# звукосниматели для аккордеона



## alex_cantus (25 Янв 2015)

посоветуйте пожалуйста хороший звукосниматель для аккордеона, или подскажите как сделать звукосниматель самому, если это возможно


----------



## Don_Accordion (26 Янв 2015)

http://www.accordion-sound.com/


----------



## Kosthenko (1 Дек 2017)

*Китайские беспроводники серии JOYO JW-01 для midi   инструментов*(клавиш.,кнопоч.,скрипка,гитара).                          Примечание: уважаемые коллеги,данная публикация не комерческая,а чисто познавательная и предназначена    для раздела: Ноты, миди, демо в ознакомительных целях к сообщению№327  от 25-11-2017 пользователю xhfuid, что касаеться цены,то она в разных государствах разная и дешевле будет если приемник и передатчик выписывать прямо из Китая  без посредников,довольно помехоустойчивое изделие и работает  в диапазоне  Wi-Fi/  и в заключении как инфо хочу добавить,что наш пользователь форума Владимир Бутусов(не в обиде будет) данные изделия уже давно широко использует в midi  гармониях,вот ссылка для индивидуального не комерческого использов. и просмотра в ютюбе: https://www.youtube.com/watch?v=OMgHyApBpWM&amp;feature=youtu.be  ,а кратенькая характеристика этих беспроводников  в моих скриншотах(Для увеличения и просмотра необходимо кликнуть прямо по снимках),остальную интересующую иформацию набираете в своих поисковиках,формат нашего форума  и правила,мне это не позволяют.  С уважением  -  Kosthenko/


----------



## ЮрийКазакБаянко (10 Дек 2017)

Всем здравствуйте. Такой вопрос. Подскажите, можно использовать этот радио-комплект для цифрового баяна Роланд ?


----------



## Andrey Z. (11 Дек 2017)

ЮрийКазакБаянко писал:


> Всем здравствуйте. Такой вопрос. Подскажите, можно использовать этот радио-комплект для цифрового баяна Роланд ?

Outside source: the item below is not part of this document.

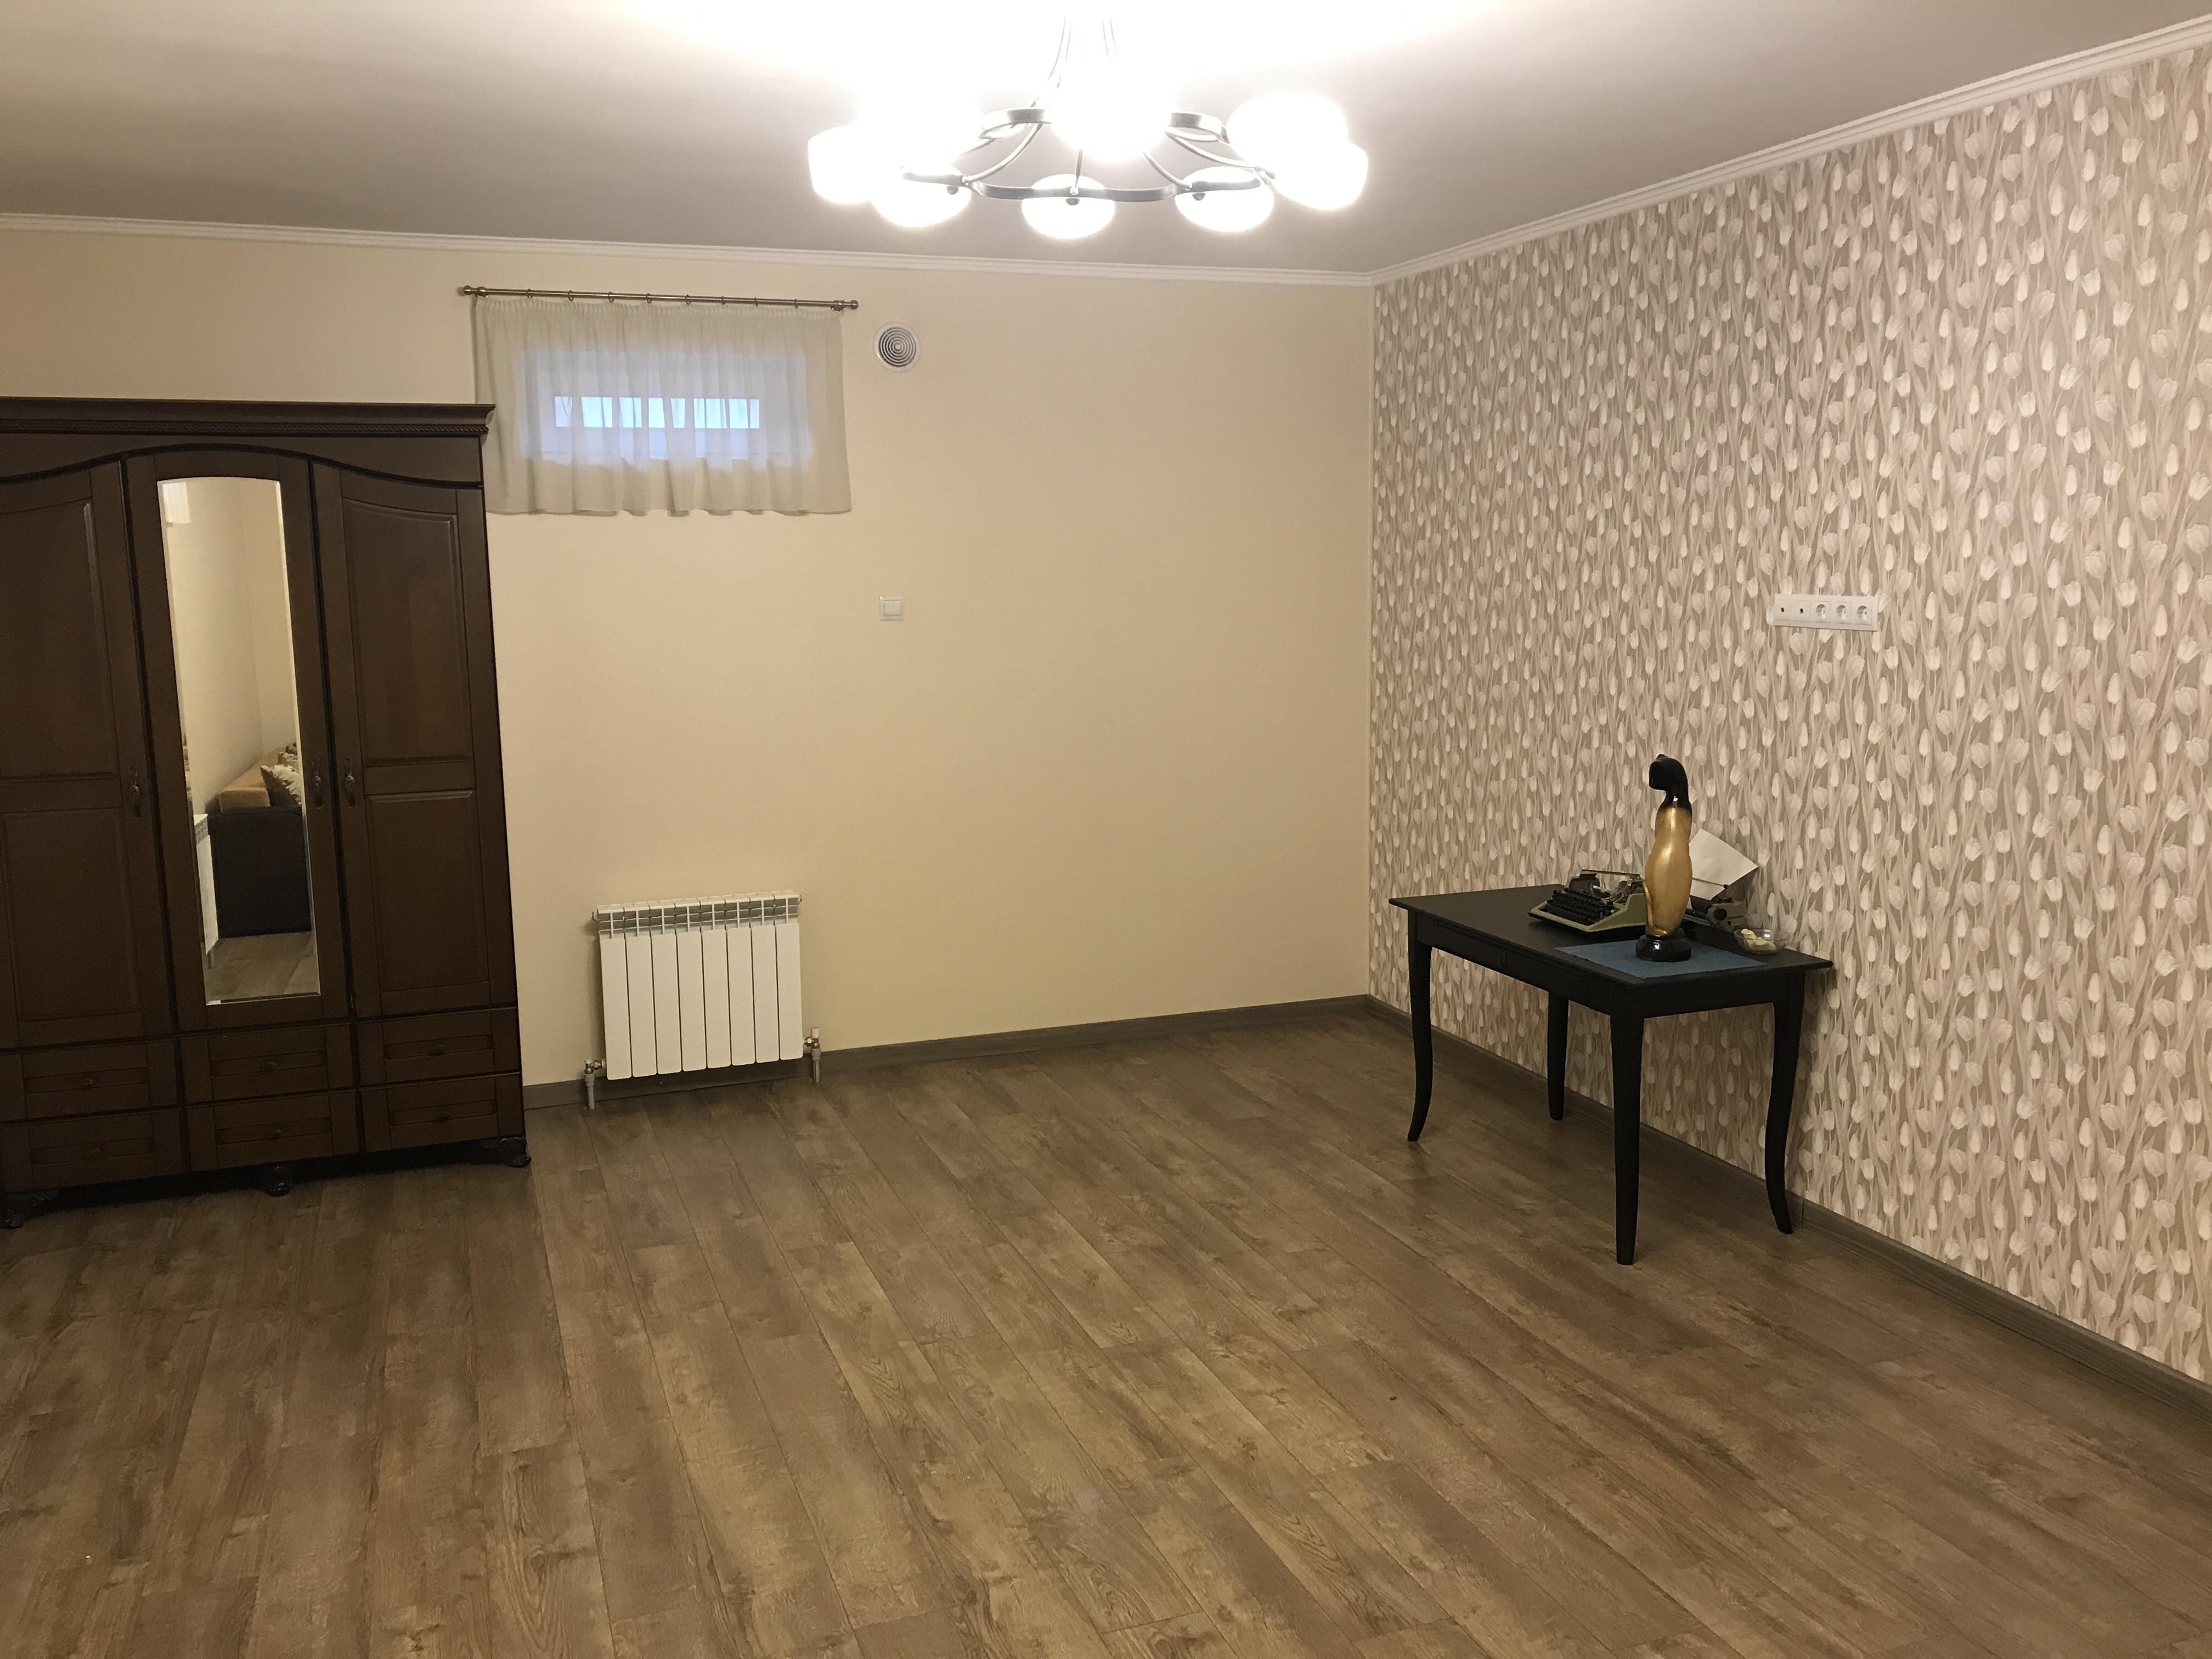 Дом на продажу по адресу Россия, Ростовская область, Батайск, Цимлянская ул., д. 73

Почему, нет. Главное, чтобы сидел плотно в гнезде. В идеале конечно, лучше использовать ДВЕ базы для стреофонии


----------



## ЮрийКазакБаянко (11 Дек 2017)

Спасибо. Подскажите какой стереофонический радиокомплект можно использоват для роланда? Спасибо с уважением !


----------



## Andrey Z. (12 Дек 2017)

ЮрийКазакБаянко писал:


> Спасибо. Подскажите какой стереофонический радиокомплект можно использоват для роланда? Спасибо с уважением !


Любой, но в количестве ДВА. Один для L, другой для R. Чем дороже, тем лучше


----------